HEICO Declares 5-for-4 Stock Splits Effective October 23, 2013
MIAMI and HOLLYWOOD, Fla., Sept. 24, 2013 -- HEICO Corporation (NYSE:HEI.A) and (NYSE:HEI) today announced that its Board of Directors declared 5-for-4 stock splits on both its Class A Common Stock payable in shares of its Class A Common Stock and on its Common Stock payable in shares of its Common Stock. The stock splits, which will be effected in the form of 25% stock dividends on each of the classes of common stock, are payable to shareholders of record as of October 11, 2013. The additional shares will be distributed to shareholders on or about October 22, 2013. Fractional shares for the stock splits will be paid in cash based on the last sale price of each of the respective classes of common stock on the record date (as adjusted for the stock splits).
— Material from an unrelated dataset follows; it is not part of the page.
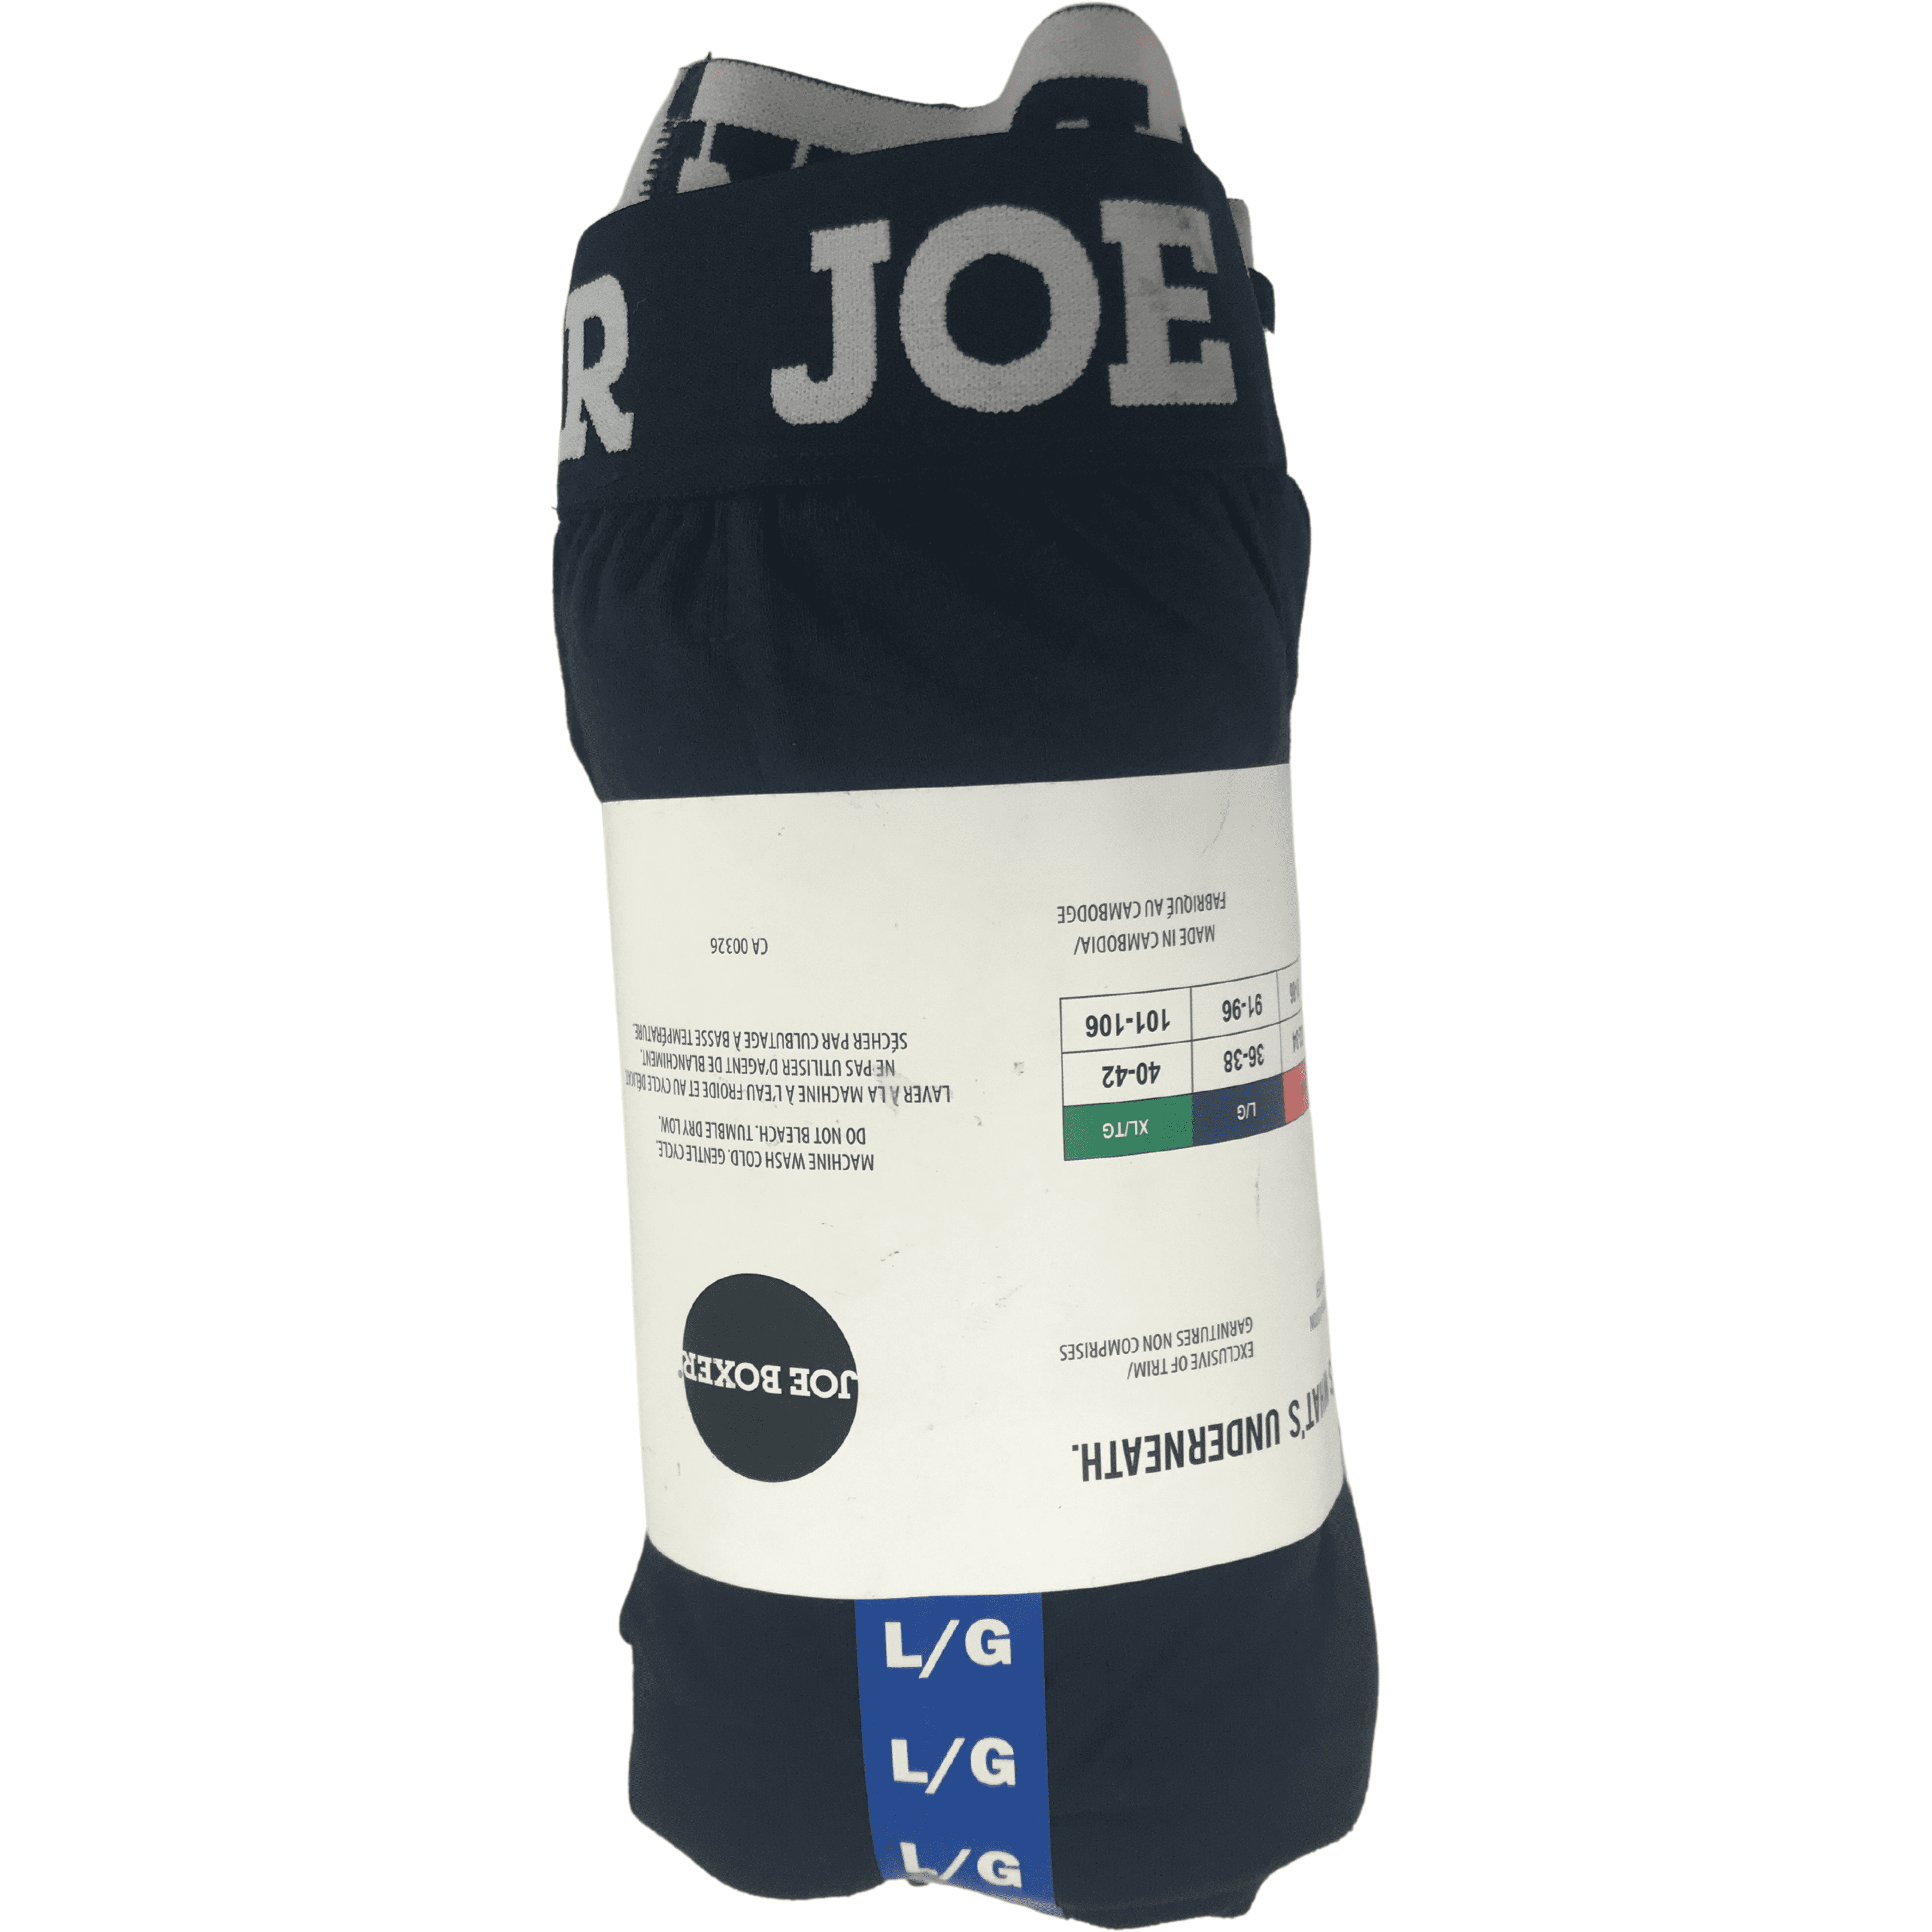 https://www.canadawideliquidations.com/wp-content/uploads/2021/10/products-joeboxer02.png

Today's action marks HEICO's 14th stock dividend or stock split starting in 1995, when the Board began declaring such dividends or stock splits as it deemed appropriate.
Laurans A. Mendelson, HEICO's Chairman and Chief Executive Officer, along with HEICO's Co-Presidents, Eric A. Mendelson and Victor H. Mendelson, remarked, "This stock split reflects our continuing confidence in HEICO's long-term growth and financial outlook. Since 1990, HEICO has executed on a growth strategy which has consistently delivered superior returns and value to our shareholders. Considering the impact of prior increases in cash dividends, prior stock splits and stock dividends, one share of HEI worth $8.38 in 1990 has become worth on a combined basis approximately $900 today, representing an increase of 107 times the 1990 value and a compound annual growth rate of 23%. Based on the Company's current business outlook, the Board of Directors presently intends to increase the Company's regular semi-annual cash dividend to $.06 per share, which would represent a 7% increase over the prior semi-annual per share amount of $.056, as adjusted for these 5 for 4 stock splits. In June 2013, the cash dividend was increased by 17%."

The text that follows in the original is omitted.